With the Herculean workload of “Justice” behind him, Ross has taken assignments for providing covers for “Superman,” “Batman,” “JSA,” and “Captain America,” amongst others. In an editorial era where covers are usually muddy, rushed, and poorly conceived, it seems that Ross wants to bring back the sheer magic and bold appeal that a comic book cover should have. Although the stories are what bring back the readers, it is usually the cover that intrigues them by luring them in at the beginning. Covers need to be the window to the title and its story, not relegated to leftover inventory art from the editor’s drawer. So far, the covers that Ross has done for “Batman” and “Superman” have served to remind us that there’s still magic left in how DC’s big two can be rendered. It’s especially exciting to see the top artist in the field follow the tradition that Neal Adams, Joe Kubert and Nick Cardy set in the seventies when they provided covers for DC that weren’t just breathtaking, but provided a true tempo of excitement for the story within the pages of book.
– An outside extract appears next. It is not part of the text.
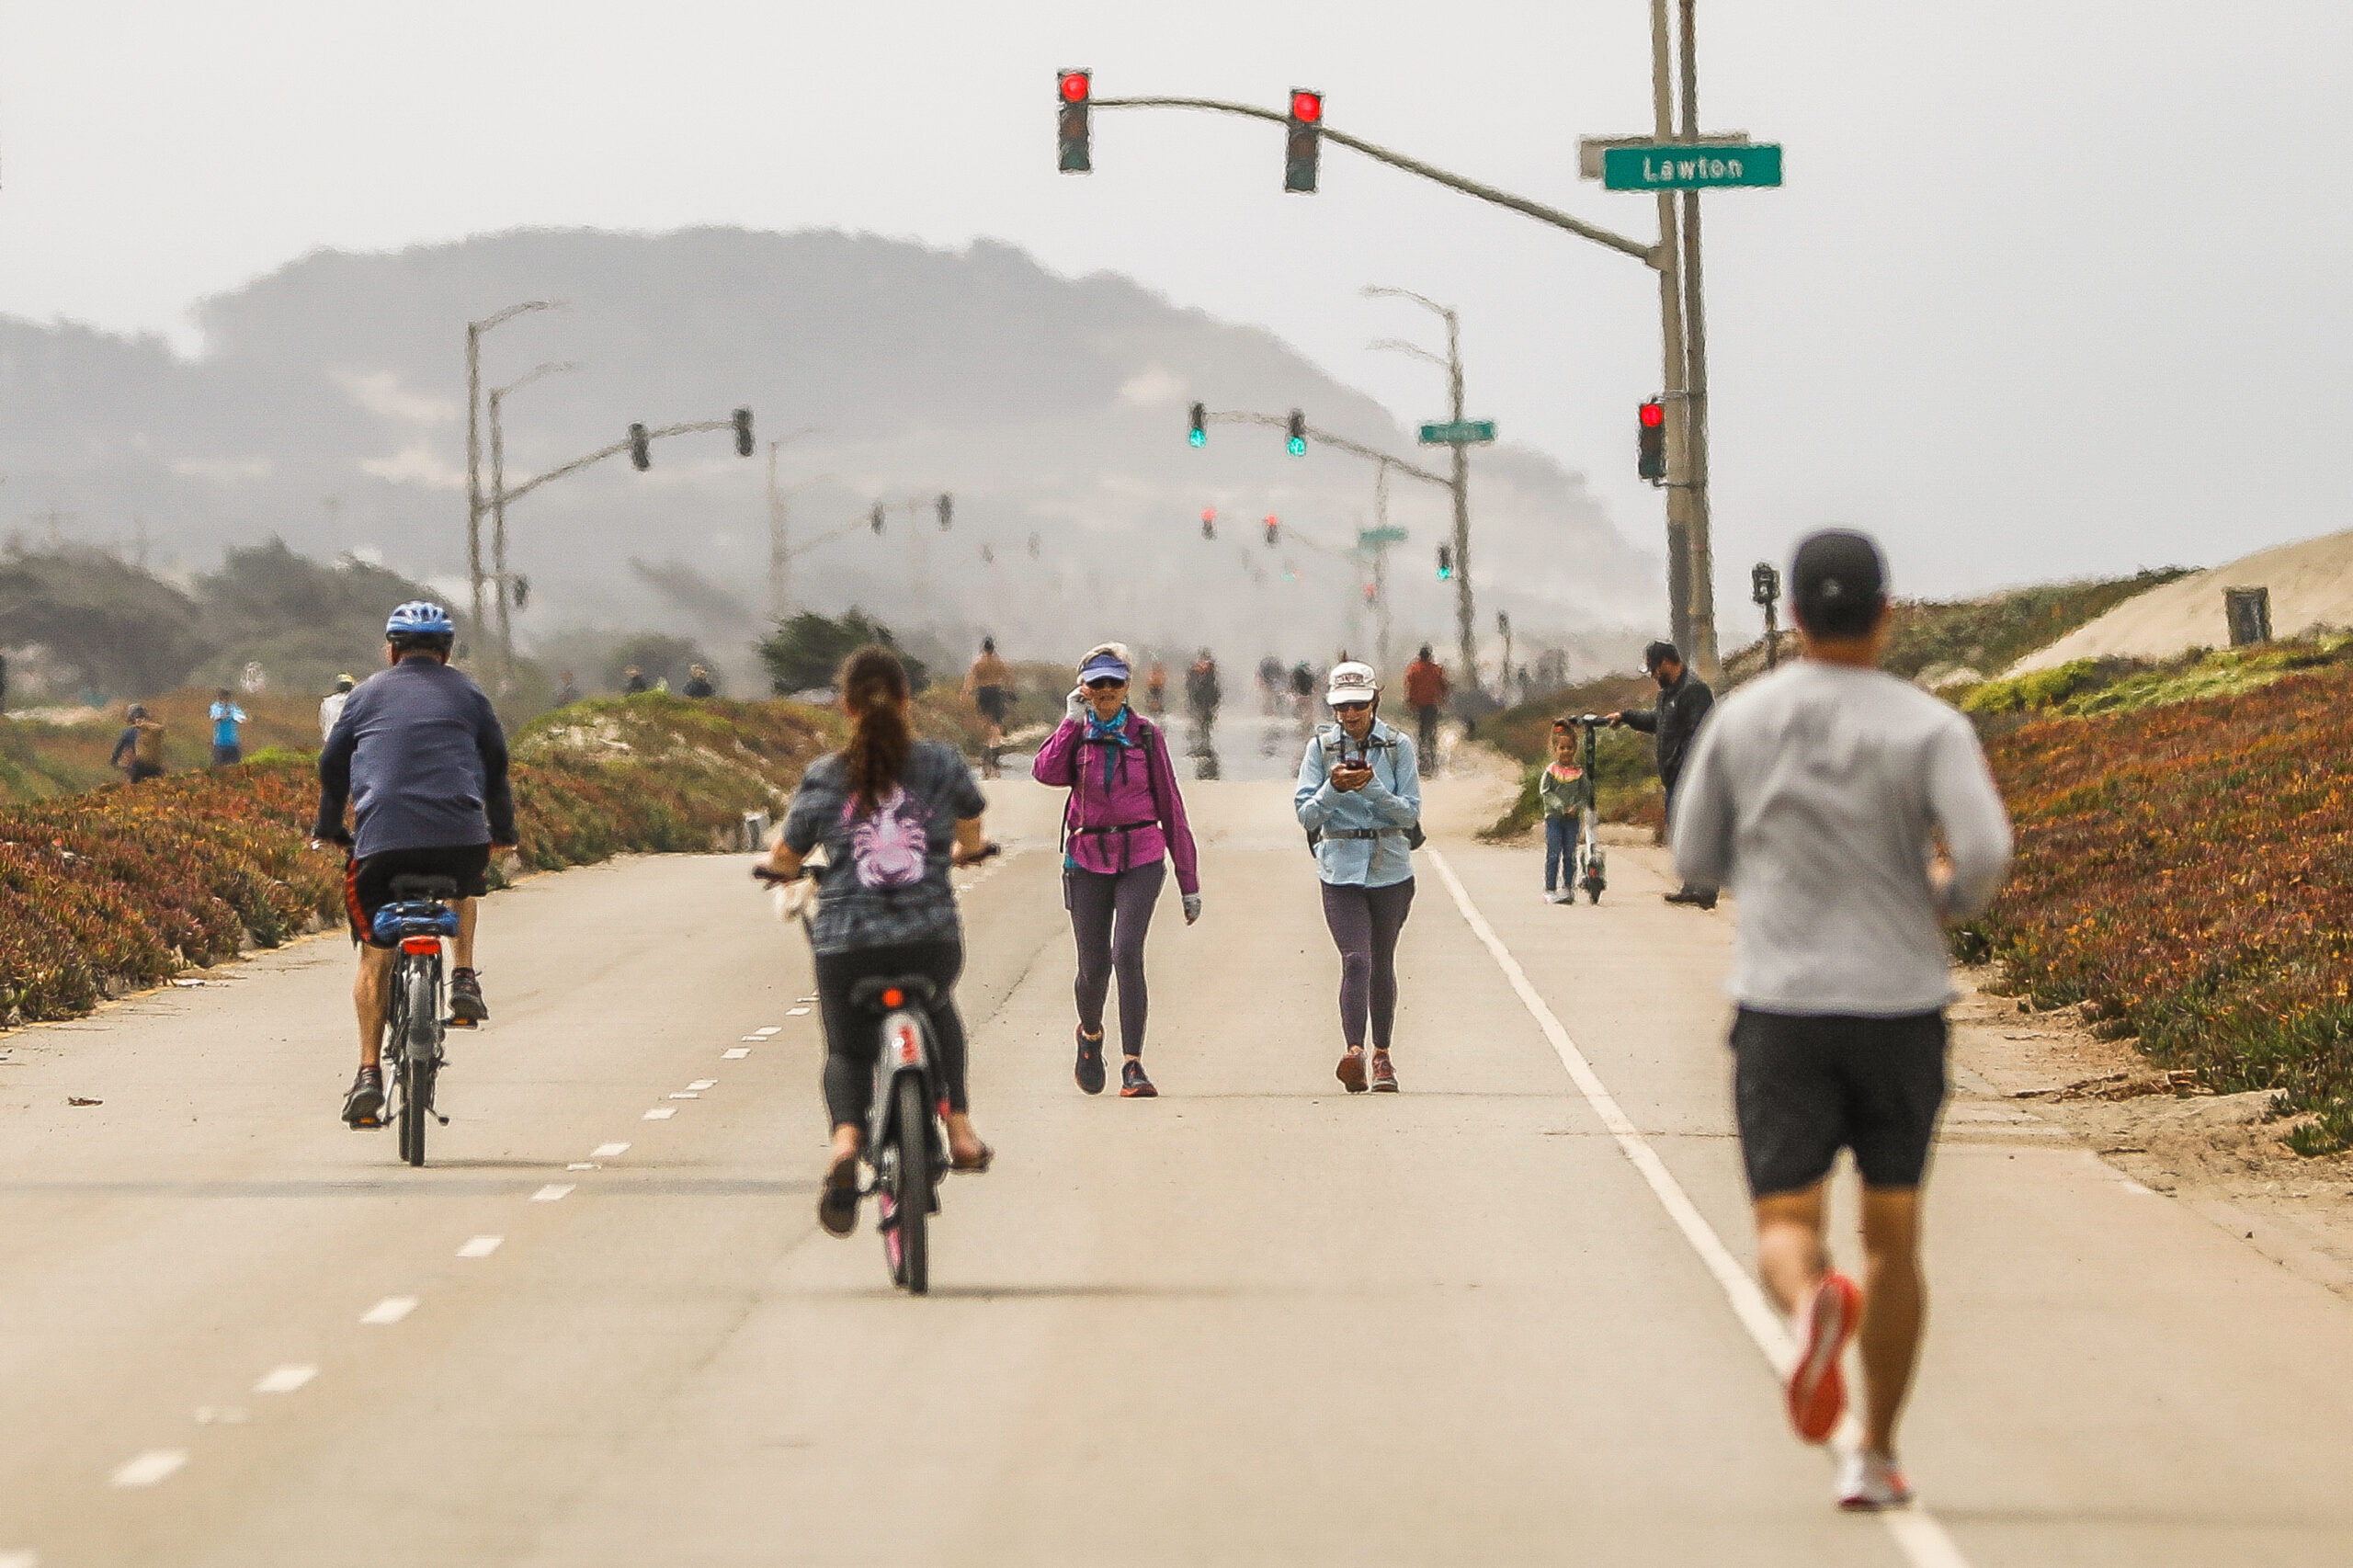 A road filled with cyclists, pedestrians, and runners, traffic lights overhead, and misty hills in the distance.

So what does he want for his readers to get out of his work? Ross earnestly answered, “Hopefully, the same sense of wonder I had in believing the images I’m creating. When I’m losing myself in the icons that I’m representing, whether it be Uncle Sam or a super-hero, the reader has to believe that thing is real, that this thing is everything that it’s alleged to be. That you put out of your mind the fantasy aspects, [because] it’s just that real! That sense of wonder that a child would have but that you suddenly have strike you almost at an adult level, like, ‘Wow!’ That’s actually not nonsense.”
There are those naysayers who tell us what Ross does isn’t comics – that the use of paints and models can never be comic book art. Yet they might be right as what he does might well be beyond comic books. His style is more sensational and attractive than most modern day comics and truer to comics’s pulp roots. Like Norman Rockwell, who excelled at paintings depicting average American life which the average man could fully appreciate, Ross reigns supreme in our industry at illustrating super-heroes who are accessible to everyone! Within his art are examples of the hard work and extremes the artist goes to in the hopes of striving for perfection in his images. So try telling me again that he’s not a comic book artist and I’ll show you a man who bleeds comics.
[This article is based on the articles, observations and interviews that I’ve done about Alex Ross since our first conversation on December 17, 1997.]